Modeling Linearity

Discussion in 'Strategy Development' started by vanilla2, Nov 1, 2003.

  1. Using tradestation's standard set of optimization parameters as building blocks, what is the best measure of linearity in an equity curve that somehow factors in the number of trades to determine a sort of efficiency measure?

    Basically, I want to find the most linear curve with the fewest trades within a multi-dimensional matrix of strategy inputs and optimization outputs.

    Would this be ROA / # of trades, like a sort of ROA per trade?

    Or (Net Profit / max drawdown) / # of trades?

    I tried working with net profit / # of trades, but realized this is simply a net profit per trade, which is biased toward fewer numbers of trades without really addressing the linearity issue.
     
  2. answer this directly because I don't have TS. However, to measure the relative efficiency when comparing stocks to other stocks I did this:

    Each day divide your gain or loss for the day by the stock's closing price. Divide the gain or loss for the day by the number of trades your system made that day. Add these two numbers together. Divide this number by the amount of commissions paid during the day. This will give you a measure of efficiency for the stock you are trading compared to other stocks you are watching. I would generally use three days worth of data for comparing anywhere from 12 to 20 stocks and update the three day block every evening then just watch the ones showing the best performance. As I built up a statistical record it became a little easier to find stocks to trade.

    I have no idea how this would work for futures.
     
  3. How about using Standard Error.

    Take the equity curves total profit and divide it by the SE.
    The higher the ratio the better the equity curve in terms of profit and linearity!

    I actually use the Standard Error Band width.

    So, for your use figure the standard error of the equity curves for the various opts, and divide the total profit for each by the SE. The highest ratio should be the best curve.

    See the attached equity curve for an example


    Bob
     
  4. excellent suggestions guys, thanks.

    Bob, what platform are you using to calc standard error of an eq curve?

    I know in TS, I could plot the eq curve as an indicator and apply standard error bands but this would become extremely tedious over a matrix of 75,000 input combinations. Are you using custom written software, or are you only performing this analysis on individual eq curves? If I had an easy way for TS to generate standard error, NP/SE sounds like an excellent metric. Thanks for getting me thinking in the right direction.

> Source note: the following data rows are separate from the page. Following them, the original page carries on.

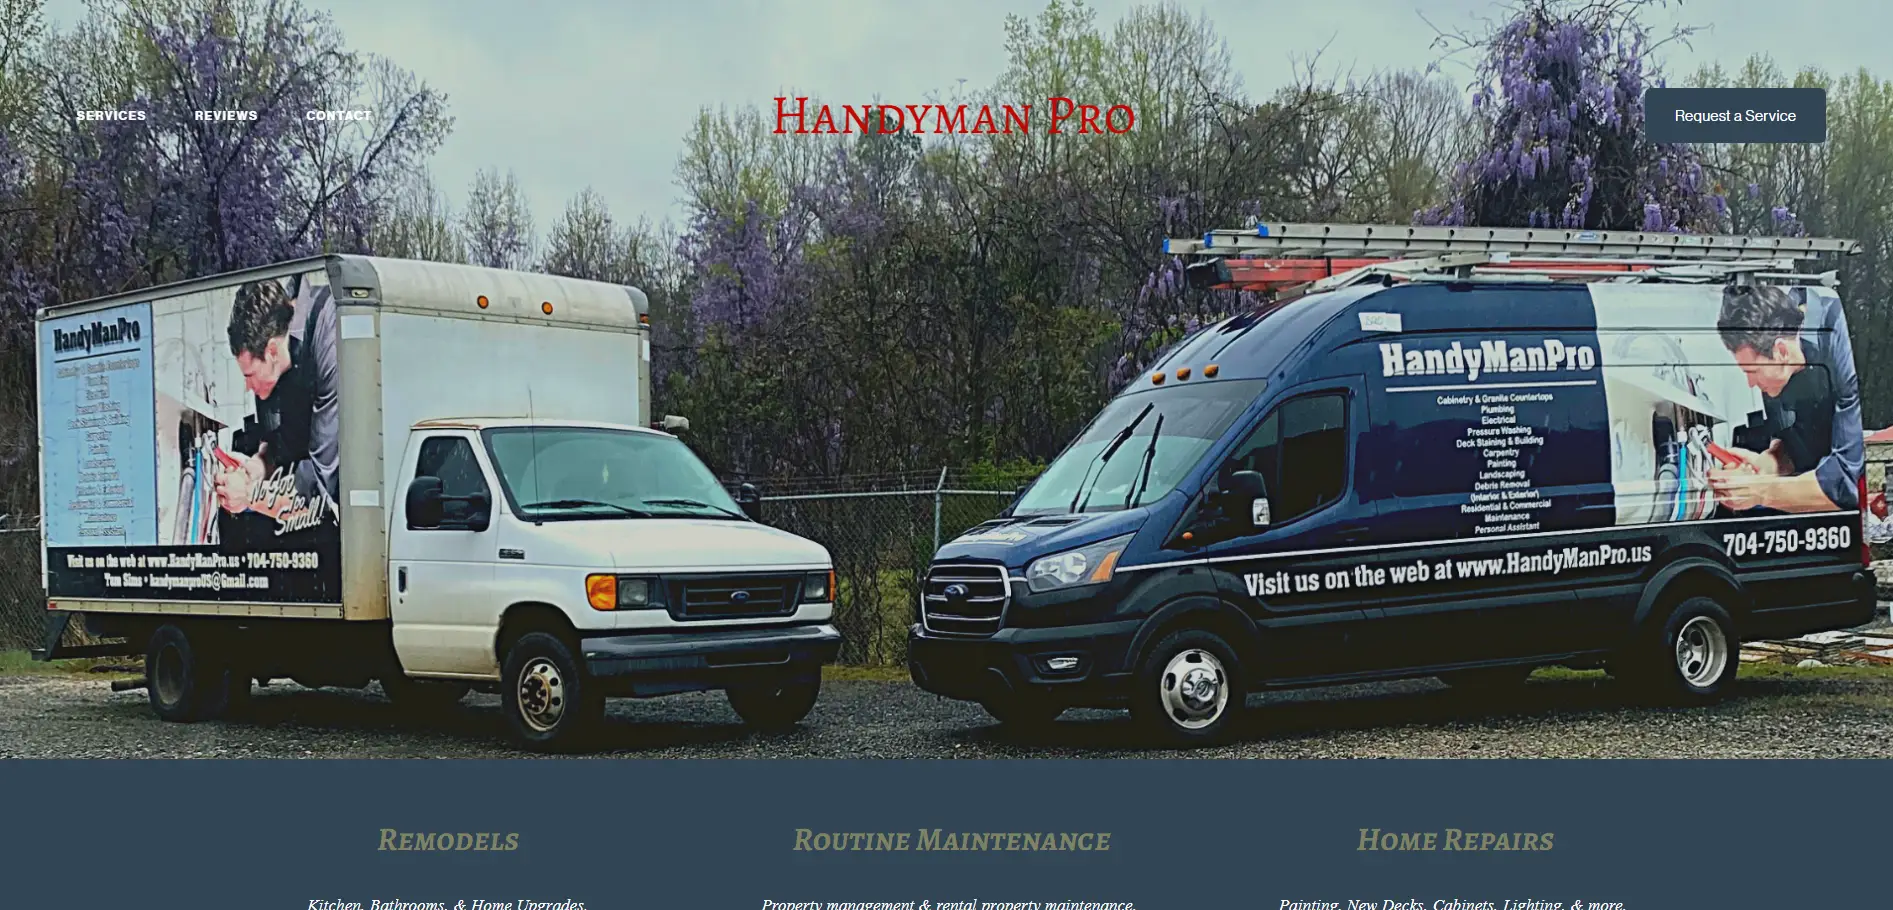 Handyman Pro - handyman website template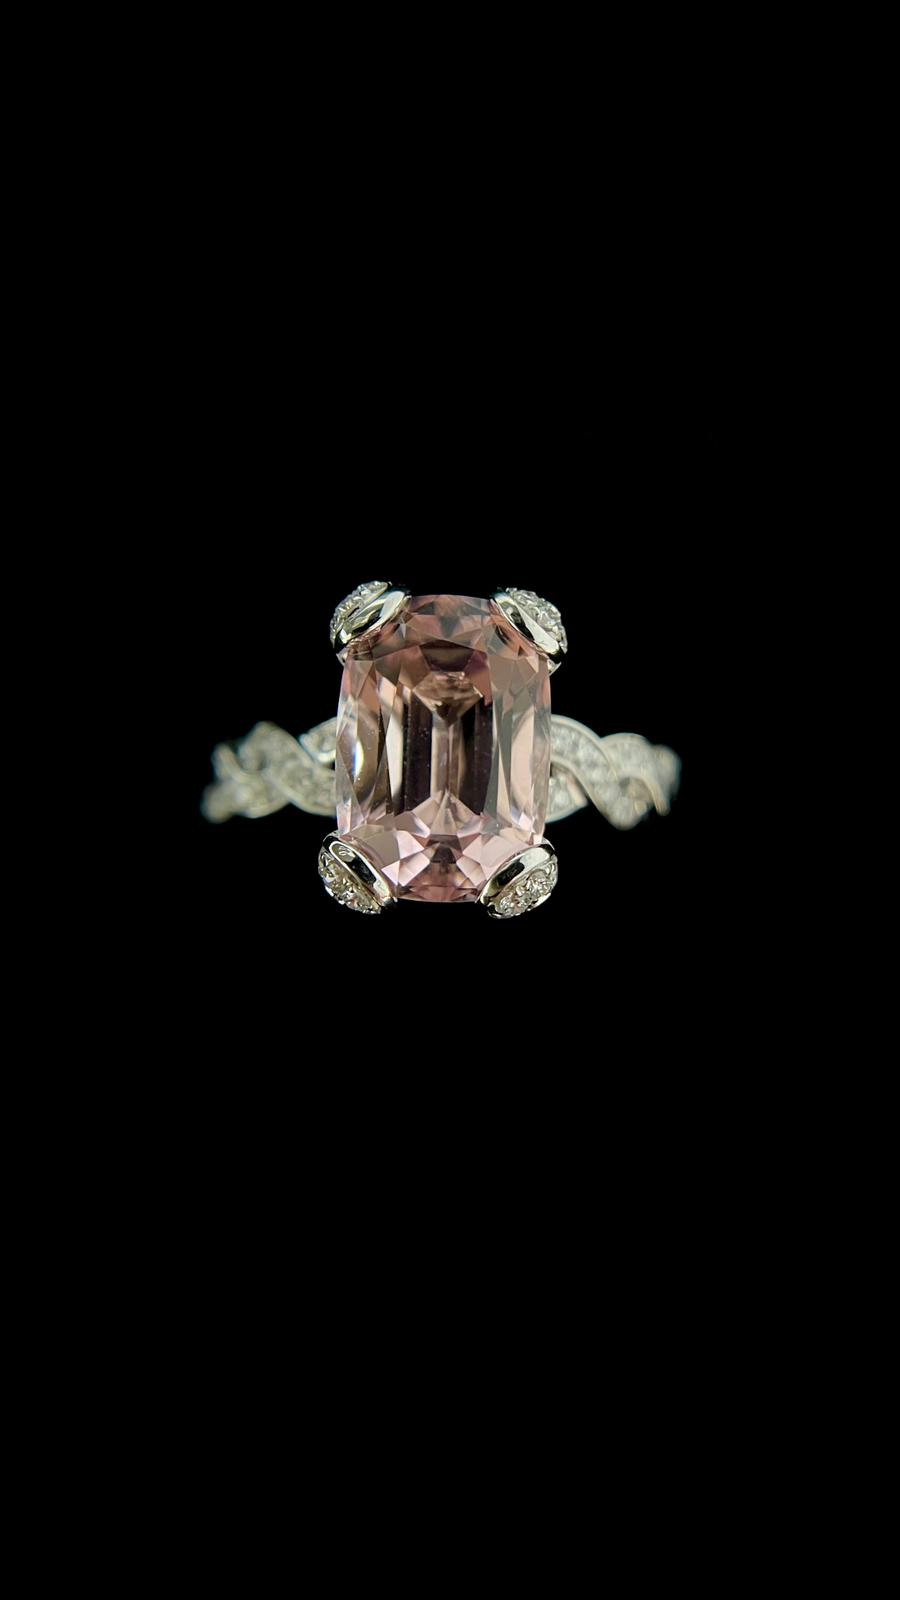 Morganite Diamond Ring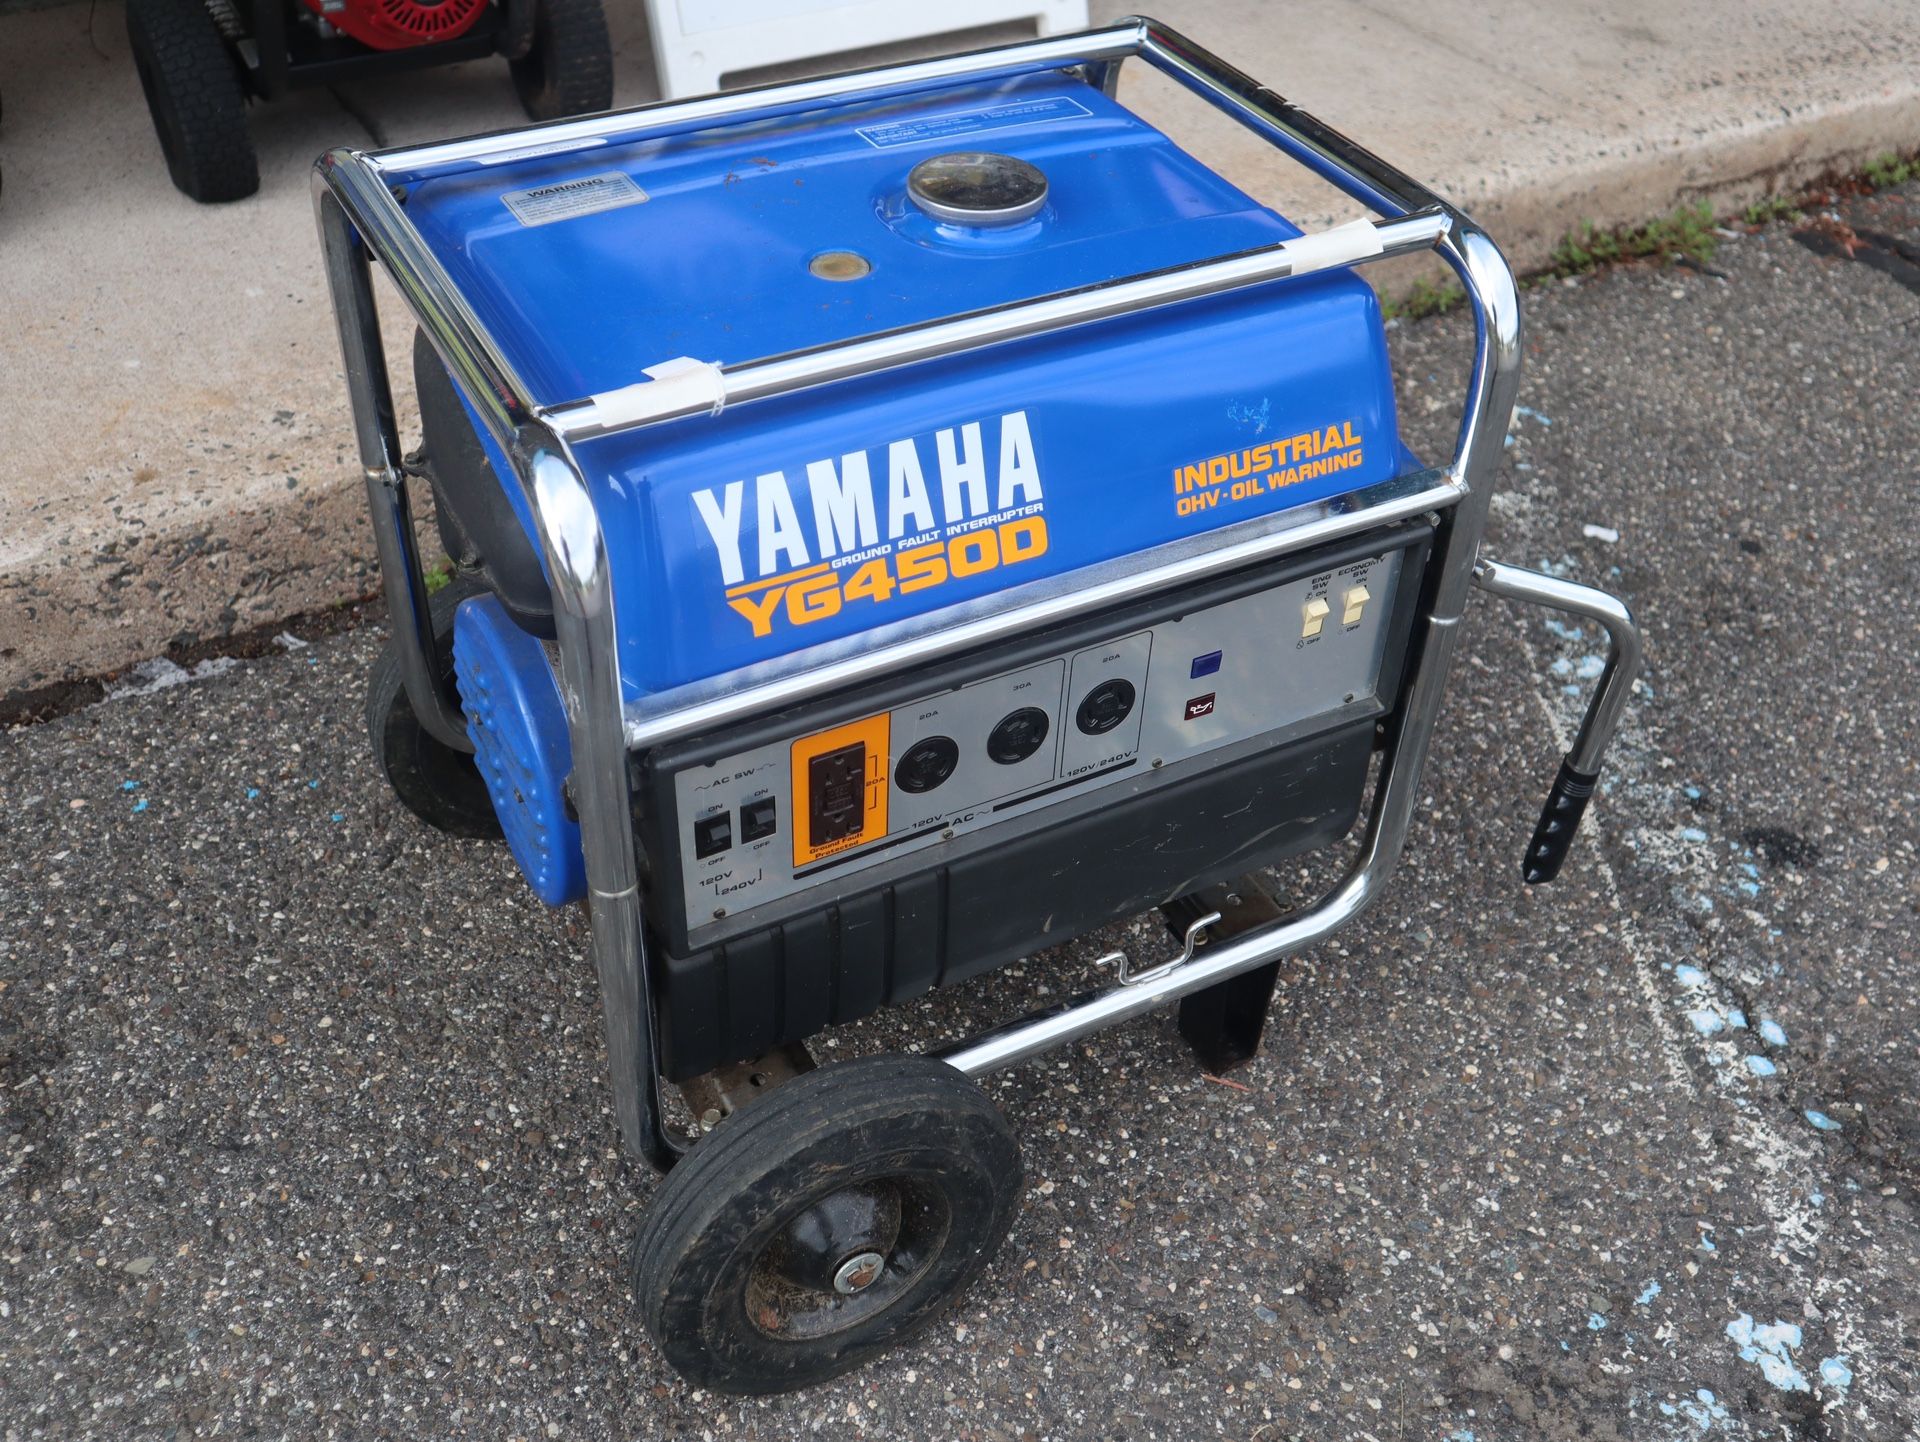 Yamaha YG4(contact info removed)watt Portable Generator

    Basically the metrics I have readily available are # of trades, net profit, gross profit, gross loss, profit factor, % profitable, roa and max drawdown. I can manipulate these core figures in any manner in excel. Now that I need the functionality, I'm really surprised TS doesn't have more sophisticated DD analysis like standard error, average DD, or something ala Seykota's lake ratio which I believe compares the area under and over sections of the curve as drawdowns and new highs are made. Max DD leaves much to be desired.

    thanks

    any other ideas are welcome and appreciated.
     
  5. I use Metastock :)
    But for my simple systems it is sufficient and I can plot the standard error bands on each equity curve to aid in determining which of the systems is performing the best.

    So, I do not use the equity output to curve fit my systems. I only use the equity output to determine which of several hundred systems I want to use in trading a specific market. From the equity curve it is possible with the standard error bands to determine the most linear systems. The equity curves that have the highest SW ratio are used for trading.

    Bob
     
  6. yes, curve fits are bad. i hesitate to trade more than two degrees of freedom, three max. what i'm working toward finding are the loci of efficiency across massive swaths of the input matrix. not for one specific best fit per se. the next step is to animate the data and observe how the efficient planes migrate over time. this could lead to an adaptive component. it's increasingly looking like a custom harness is required for this type of analysis.

    Are there other good DD metrics, especially ones that can be abstracted from standard TS outputs?
     
  7. No point in optimzing an equity curve of a single system on a single market. Believe me I have done it 10 years ago.
     
  8. can you elaborate ... are you saying that arbitrary parameters are preferable?

    hard core system people, how do you measure efficiency? since my initial post, i am coming to think MAR/#trades is decent. are there any mechanically focused boards anyone can perhaps point me to..
     
  9. excellent, thanks bob. btw - i am still working on ways to get variance figures in bulk from TS. appreciate this suggestion very much.